St. Louis Brewery Defeats Trademark Complaint by Heirs of Conservative Icon Schlafly

December 3, 2018 by

Relatives of the late conservative activist Phyllis Schlafly have lost an appeal to block a St. Louis, Missouri, craft brewery from trademarking the Schlafly name.

In a 3-0 decision, the U.S. Federal Circuit Court of Appeals ruled in favor of Saint Louis Brewery LLC, which was co-founded by Schlafly’s nephew Thomas Schlafly, and had applied in 2011 to trademark the Schlafly name.

Circuit Judge Pauline Newman said the name had acquired a “secondary meaning” and “distinctiveness” through sales of Schlafly-branded beer, and that surnames could be trademarked when that occurred.

The brewery began selling beer with the Schlafly logo in 1991, and sales had reached 74.8 million cans, bottles and draft servings between 2009 and 2014.

Phyllis Schlafly and her son Bruce Schlafly, an orthopedic surgeon, had claimed that trademarking the Schlafly name for beer could hurt their reputations by associating them with alcohol.

Their lawyer Andrew Schlafly, of Far Hills, New Jersey, who is also a son of Phyllis Schlafly, said his clients plan to appeal to the U.S. Supreme Court.

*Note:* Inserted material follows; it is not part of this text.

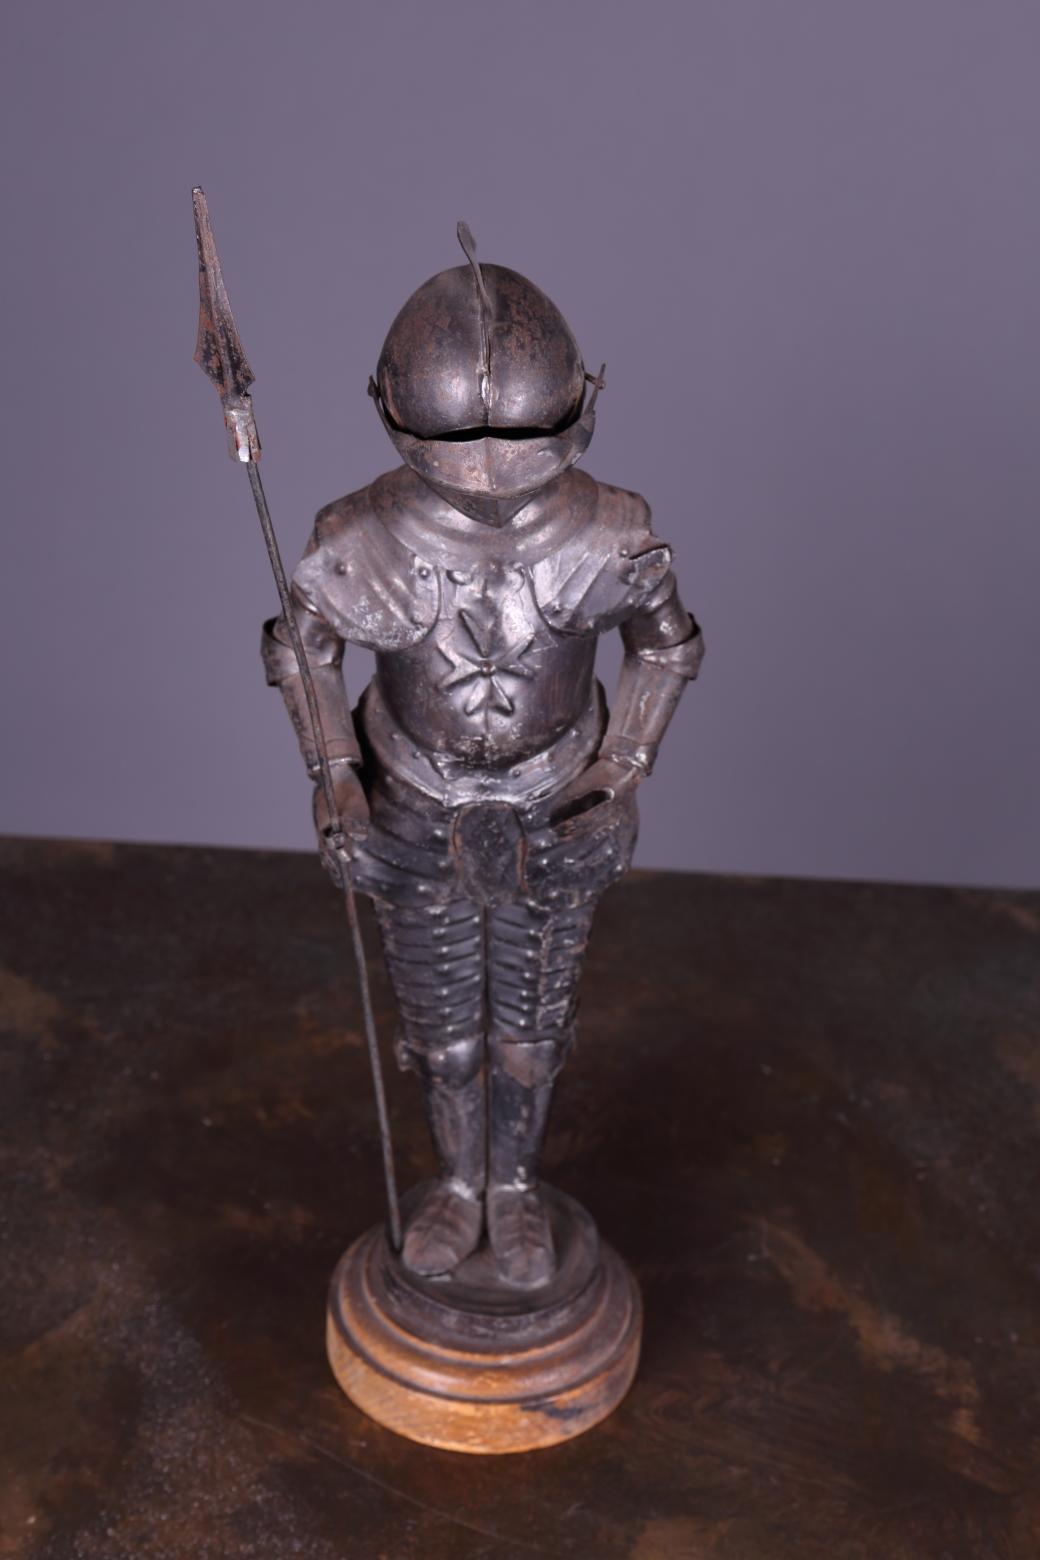 Suit of armour, miniature model of the Knights of Malta.

“It’s unusual for a company to try to trademark a prominent surname such as this,” Andrew Schlafly said in an interview. “The law says words that are ‘primarily merely a surname’ should not be trademarked.”

Saint Louis Brewery distributes Schlafly beer in more than one dozen U.S. states and Washington, D.C.

“This is a huge relief,” Thomas Schlafly, who is also the brewery’s chairman, said. “It had never occurred to me that my relatives, who had no connection with beer, would oppose a routine trademark.”

The decision upheld an August 2016 ruling by the U.S. Trademark Trial and Appeal Board.

Phyllis Schlafly founded the conservative Eagle Forum and was a forceful opponent of abortion, Communism and adding an Equal Rights Amendment to the U.S. Constitution.

She died in September 2016 at the age of 92. A trust in her name was substituted as a plaintiff in the lawsuit.

The case is Schlafly et al v Saint Louis Brewery LLC, Federal U.S. Circuit Court of Appeals, No. 2017-1468.